I'm sorry but you are mis-representing the facts in an unfair fashion.
Both approaches, TLS extension RI and my extension-free solution
change the existing protocol in the _exact_ same fashion from
an abstract point of view:
- both approaches add the verify_data of Client.Finished and
Server.Finished into the handshake message hash directly
after the ServerHello handshake message for renegotiation
handshakes
- both approaches use the ClientHello and the ServerHello
for signaling/negotiation
The changes only materialize in different bits-on-the-wire
and use a slightly different sequence of API calls to
achieve this.
The extension-less approach is going to be applicable to all existing
usage scenarios (even the SSLv2-compatible ClientHello I think)
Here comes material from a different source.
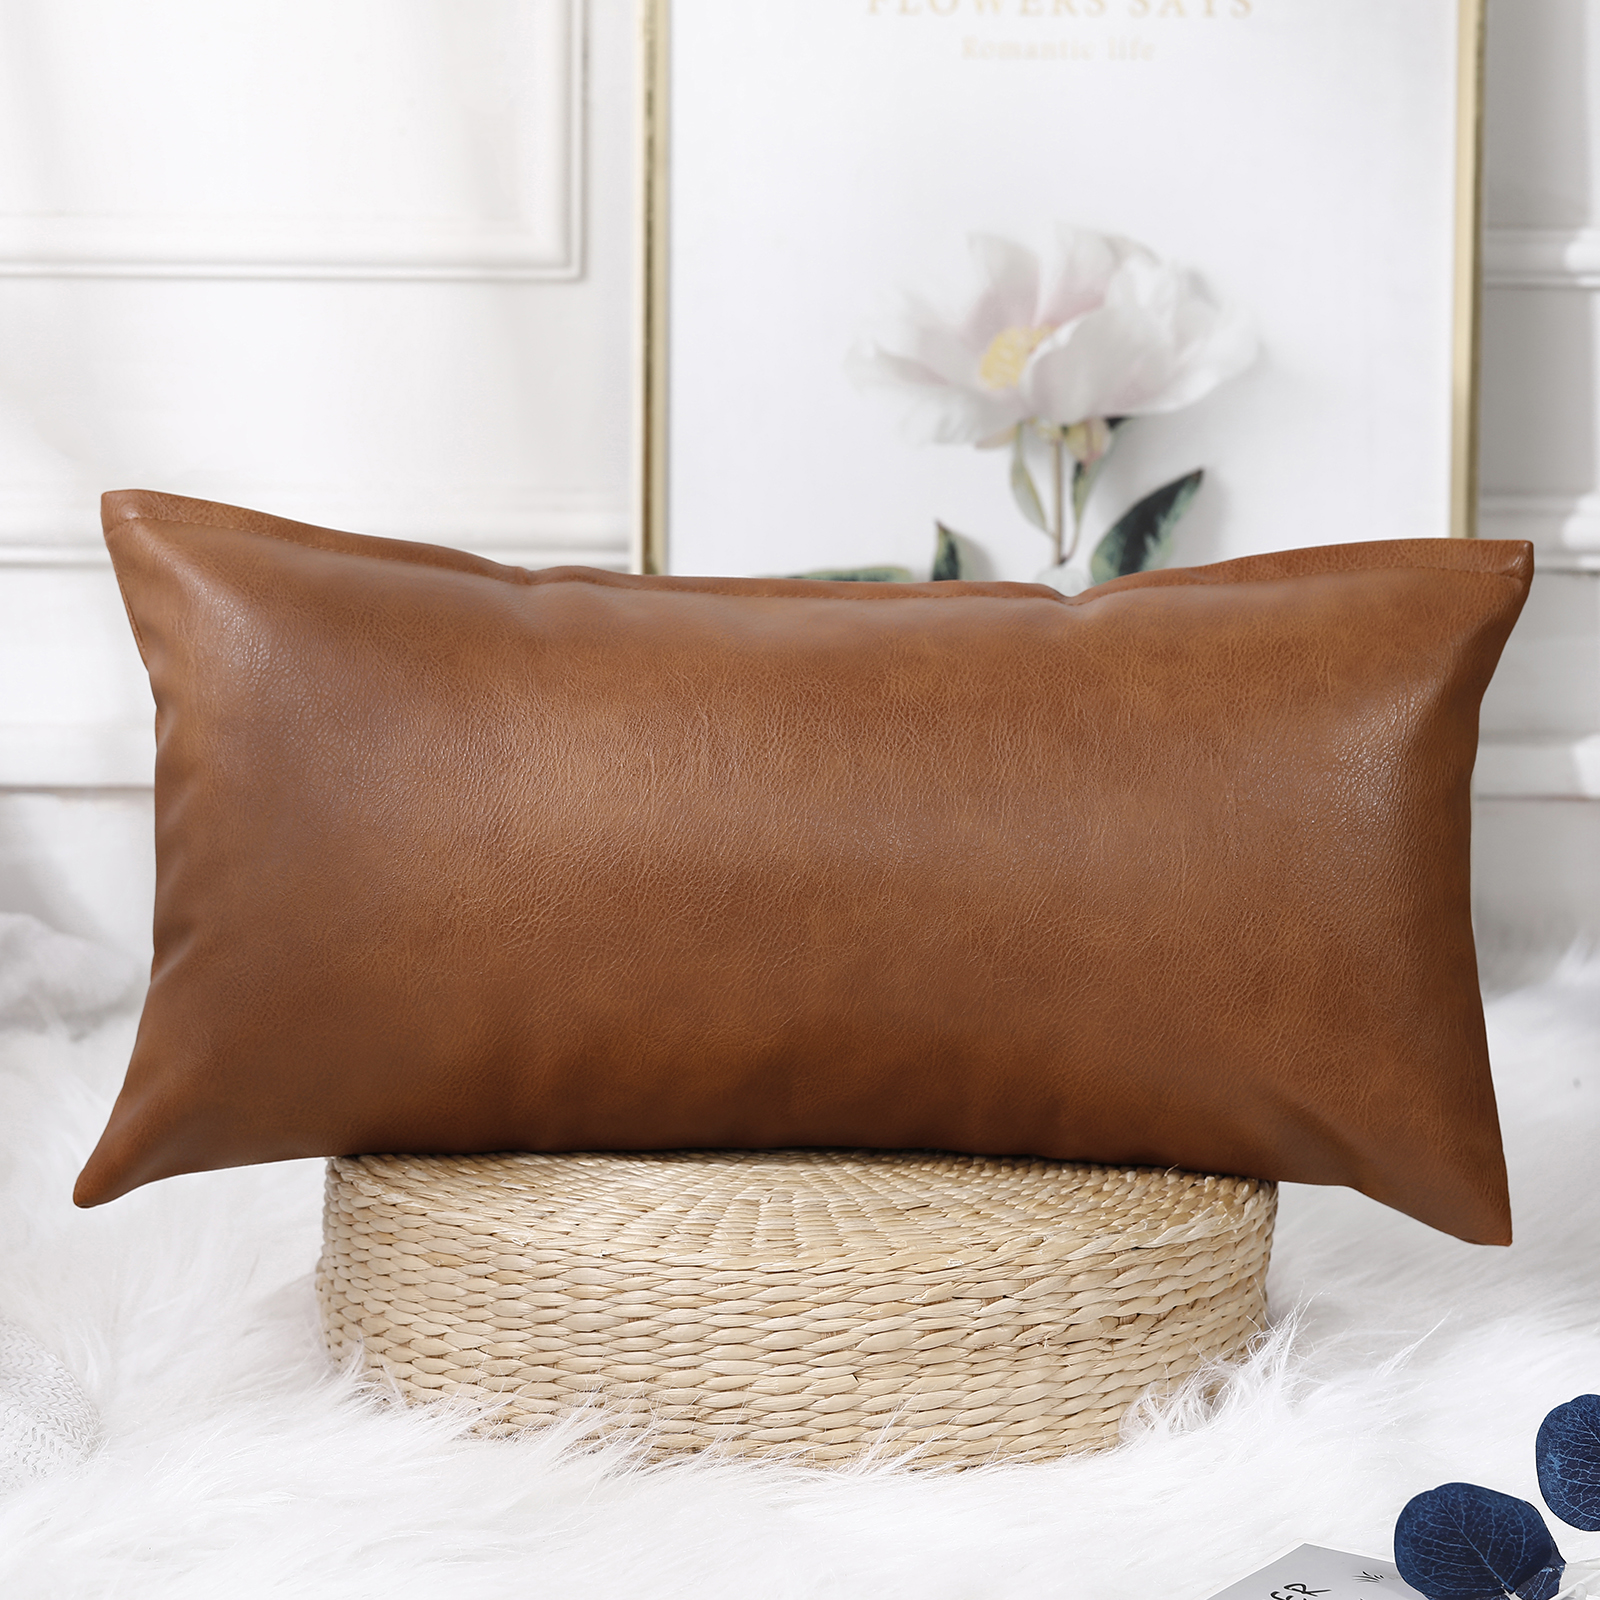 Faux Leather Throw Pillow Cover

and does not change the bits-on-the-wire of the renegotiation
handshake at all adds a ciphersuite ID to ClientHello and
re-purposes a single bit in the ServerHello -- it is difficult
to conceive to make this any more conservative. The code changes
required for the extension-less approach is extremely small,
non-ambiguous and almost trivial to test for interoperability.
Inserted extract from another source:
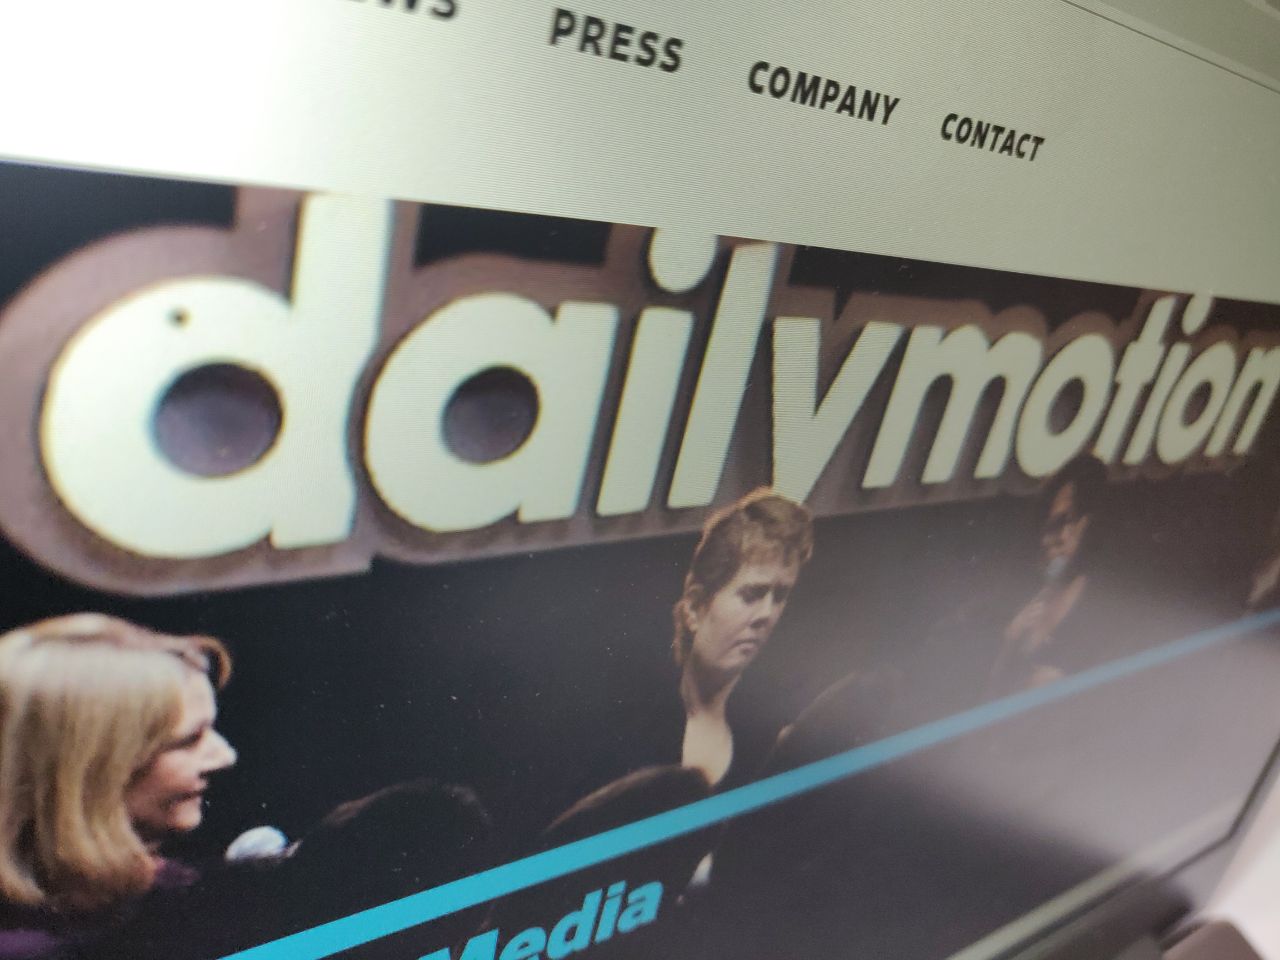 Dailymotion hacked, resets user passwords after being subject to

obvious problems of TLS extension RI:
- adds significantly more bits-on-the-wire to initial and
renegotiation handshakes
- modifies the initial and renegotiation handshakes in different ways
- is NON-interoperable with a significant amount of the installed
base of SSLv3 _AND_ TLSv1.0 servers
- can NOT be used in apps-level extension-less ClientHello fallbacks
as implemented in most current Browsers
- is vulnerable to downgrade attacks because of its incompatibilty
with apps-level extension-less ClientHello fallback
- can NOT be used in conservative clients that do not contain
an apps-level extension-less ClientHello fallback
- requires more code changes to implement than extension-less
approach in newer codelines
- requires _significantly_ more code changes to implement than
extension-less approach in older codelines without TLS extensions
- clients and servers that do not implement renegotiation at all
need the full amount of code changes
- significantly more complex test-scenarios, development of
interop test tools required for reliable interop-testing,
even for implementations that do NOT contain renegotiation.